# Schwinn Typhoon -  Sting Ray Predecessor?



## Richard.Schwinn (Feb 1, 2021)

One of our friends had this hanging in their garage.  It's a Sting Ray looking bike, labeled the Typhoon.  Who knows about these?

Thanks,
Richard


----------



## coasterbrakejunkie1969 (Feb 1, 2021)

They did have an overlap of stingray/typhoon colors 63 and on. Typhoon had a smaller frame for a few years perhaps all the stingray in that color would have had longer taller frame.. Still a nice little bike just not stingray. Clean it, ride it , enjoy it. Someone would snatch that up if you put it in for sale section. Need more pics and serial number off the back drop out that hod the rear wheel.


Richard.Schwinn said:


> One of our friends had this hanging in their garage. It's a Sting Ray looking bike, labeled the Typhoon. Who knows about these?


----------



## Richard.Schwinn (Feb 1, 2021)

I checked out the catalog scans but never saw a Typhoon with banana seat and tall bars.  I'm wondering if this was a pre-Sting-Ray Sting-Ray?  Is that why you ask about the serial number?
Thanks,
Richard


----------



## BOB LOBLAW (Feb 1, 2021)

It's obviously a conversion.


----------



## coasterbrakejunkie1969 (Feb 1, 2021)

Yes seat and bars changed out and still has 4.5 inch crank that is typhoon and stingray Jr. which I don't think was ever available in that color .


----------



## coasterbrakejunkie1969 (Feb 1, 2021)

It is what most kids did to their Typhoons after they saw their buddy's Stingray


----------



## Vbushnell (Feb 1, 2021)

They did make a Junior in Coppertone for at least one year 1968.  Maybe other years also.  Here is one I had a few years back. I built as a rider for kids.  Added a few safety things like reflectors that would not have been standard equipment on a 68.  Here a pic and video link


----------



## sworley (Feb 1, 2021)

The juniors make a cool early ray look alike for a fraction of the cost. Bonus if it’s an overlap color like coppertone! 

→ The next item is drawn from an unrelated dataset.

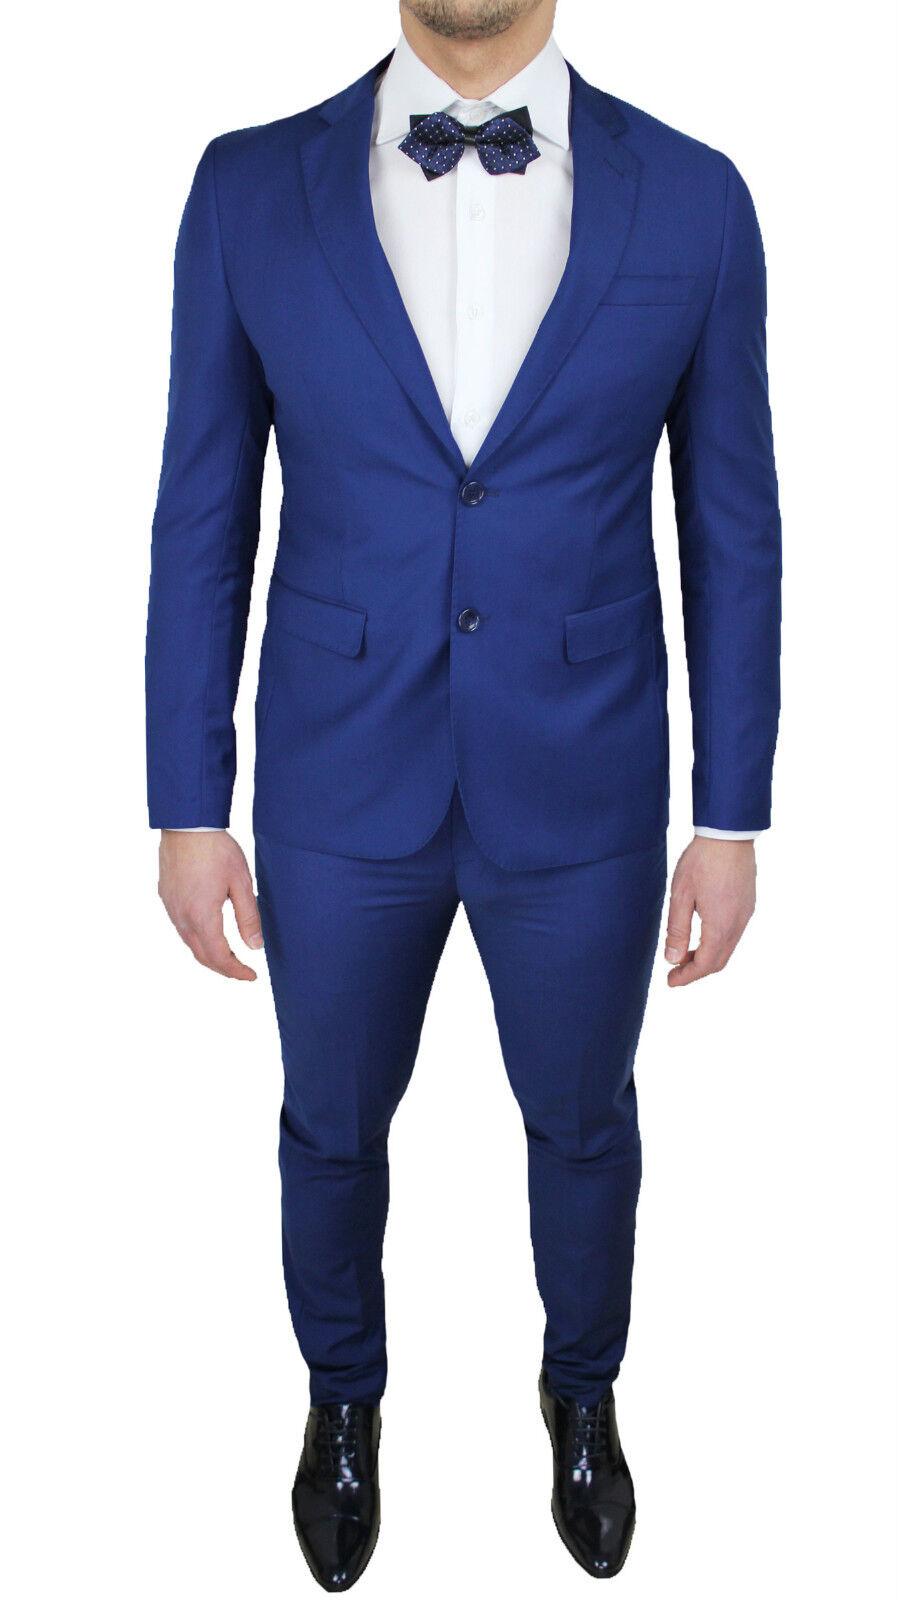 Vestito Matrimonio Uomo Blu Elettrico : Abito uomo diamond blu slim fit aderente completo vestito

Juniors typically have S7s front and rear where a Ray would have S2 rear. Rays have a chrome fork crown, I don’t think Typhoons got that. Serial numbers, chainguard screens and colors are other giveaways Typhoons vs. Rays.


----------



## GTs58 (Feb 1, 2021)

The Typhoon was first offered in Coppertone way after the Sting Rays came out. Red and Black were the only colors offered on the Typhoon before and after the Sting Ray was conceived.

I think the first Sting Ray proto that was built, and rode around the Schwinn plant, was made with a Black 1963 Typhoon frame. I saw a picture of it many years ago.

Welcome to the Cabe Richard!


----------